All were associated with an esoteric macroeconomic research tradition known as “real,” or technology-driven, business cycle theory that has been pioneered by economists associated with the University of Minnesota and the bank. RBC theory, which holds that business cycles are natural and mostly unavoidable responses to new inventions, is widely thought to have offered little guidance to the financial crisis of 2007-09 and its aftermath.
Six months after the firings and demotion, Kocherlakota hired back as consultants Patrick Kehoe and Ellen McGrattan, the two who had left (though they had retreated no farther than to the University of Minnesota a mile or so away, where both are professors of economics).
Six months after that, the regional bank’s board appeared to fire Kocherlakota himself – or at least accepted with equanimity his announcement that he would not seek to renew his contract when it expired at the end of 2015.
Last June, the University of Rochester announced that Kocherlakota, 52, would become the first Lionel McKenzie Professor of Economics, in January 2016.
And last week the Minneapolis Fed announced that it had hired Neel Kashkari, 42, as its new president. A onetime aeronautical engineer, Kashkari retooled as a MBA at the Wharton School of the University of Pennsylvania before joining Goldman Sachs in San Francisco as a banker.
He is best known for his time as an aide to Treasury Secretary Henry Paulson during the financial crisis. Assigned in the wake of the forced merger of Bear Sterns in March 2008 to write a “break the glass” plan for use in the event of the failure of another firm, Kashkari produced a memo that, given his boss’s commitment to private efforts to defuse the subprime mortgage problem, turned out to have little relevance until the actual event.
Kashkari nevertheless helped fashion the Troubled Asset Relief Program into a bank-recapitalization plan, and stayed on for six months to serve as its administrator, disbursing $430 billion in loans and eventually recovering $442 billion from them. In 2009, Kashkari joined the Pacific Investment Management Company, or PIMCO, and, in 2014, was Republican nominee for governor of California, finishing just under nineteen points behind the incumbent democrat Jerry Brown.
Who exactly does the choosing? The search committee was led by bank directors MayKao Hang, president of the Amherst Wilder Foundation, and Randall Hogan, chairman of Pentair, a large conglomerate. They are in turn responsive to the sentiments of the broad banking and business communities within the Fed’s ninth district, which includes Minnesota, Montana, North and South Dakota, northwestern Wisconsin, and the Upper Peninsula of Michigan. Minneapolis is the hub: two of the four firms that dominate global trade in agricultural commodities have their roots there: Cargill and Archer-Daniels-Midland.

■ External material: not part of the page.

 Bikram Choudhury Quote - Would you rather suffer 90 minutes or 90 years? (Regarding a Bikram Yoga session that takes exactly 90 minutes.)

Kashkari’s appointment to the Minnesota bank caused wry smiles in New York. ”[I]f the Minneapolis Fed felt the need to maintain conservation of NK, they could have chosen to replace Narayana Kocherlakota with a New Keynesian,” wrote New York Times columnist Paul Krugman, a strong Kocherlakota supporter, on his blog. In fact the effect would seem to be just the other way around.
Since the1970s, the Minnesota Fed, one of twelve regional banks in the Federal Reserve System, has been a potent generator of new policy ideas, thanks to its close association with the economics department at the University of Minnesota, first the rational expectations movement, then the real business cycles vogue.

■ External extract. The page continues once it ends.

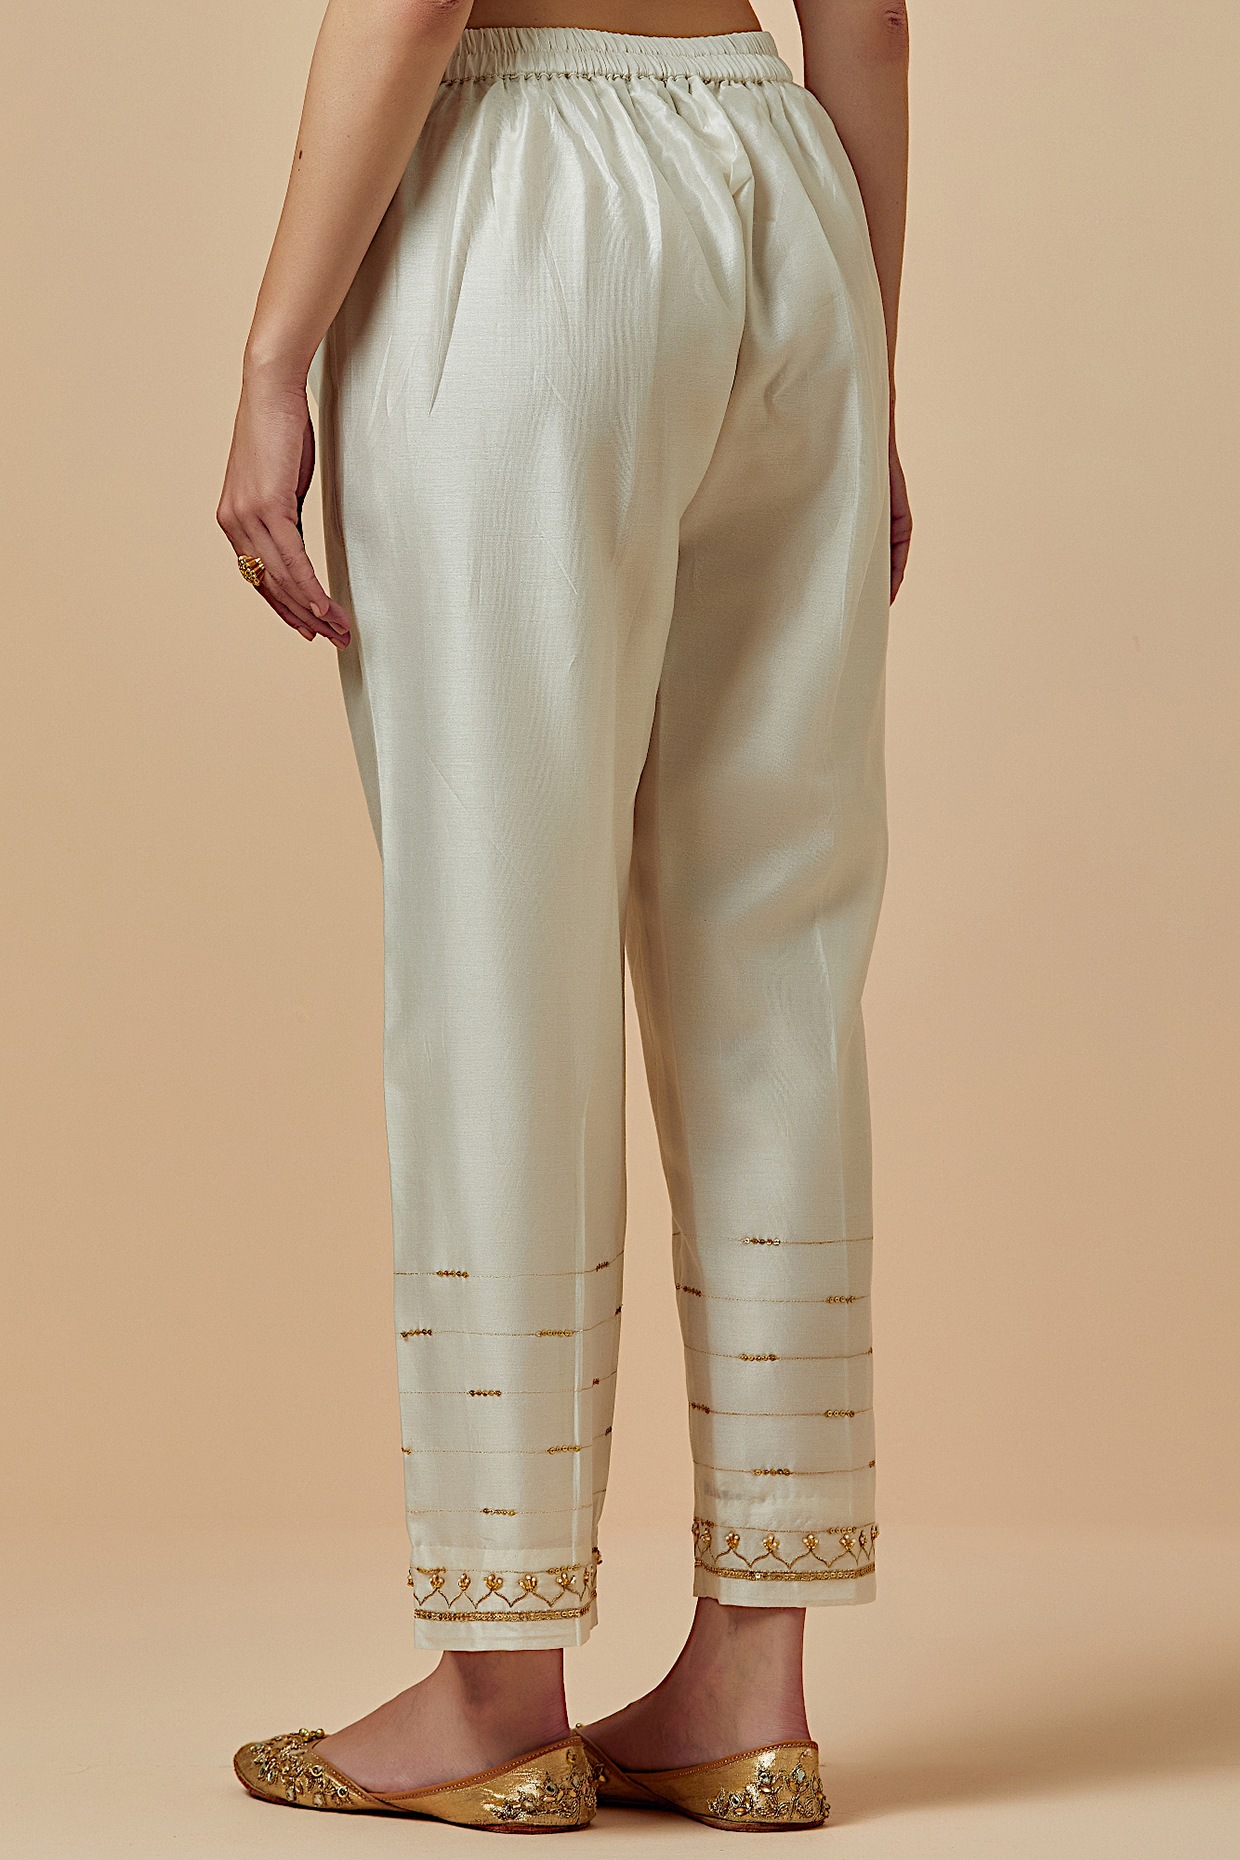 Tory Heart Embroidered Pants

Kocherlakota, with his 1987 PhD from the University of Chicago, was expected to lead the bank into a new area, known as dynamic public finance – an attempt by economists to come to grips with the more airy speculations of supply-side economics.
By 2012, Kocherlakota had, as a member of the Fed’s policy-making Open Market Committee, experienced what Binyamin Appelbaum of The New York Times aptly termed a battlefield conversion with respect to monetary policy. Formerly viewed as an inflation hawk, he became an enthusiastic supporter of the doctrine known as quantitative easing and the economy failed to recover as quickly as often in the past.
Receiving what seemed to be little useful advice from his bank’s interest rate forecasters, Kocherlakota decided to go to war with them, in the words of Stephen Williamson, a research associate at the St. Louis Fed, who blogged about the incident. Nobel laureate Edward Prescott, of Arizona State University, who introduced real business cycle theory while a professor at the University of Minnesota, called the dismissals “crazy.” In short order the affair was hushed up. Kocherlakota’s decision to leave soon followed.
Kocherlakota, one of the most talented economists of his generation, will now be able to test the old adage that only a theory can replace another. Kashkari, no economist but a dynamic executive possessed of strong free market convictions, presumably will seek to restore to Minneapolis the relevance to contemporary policy it has lost. The careers of both men bear watching.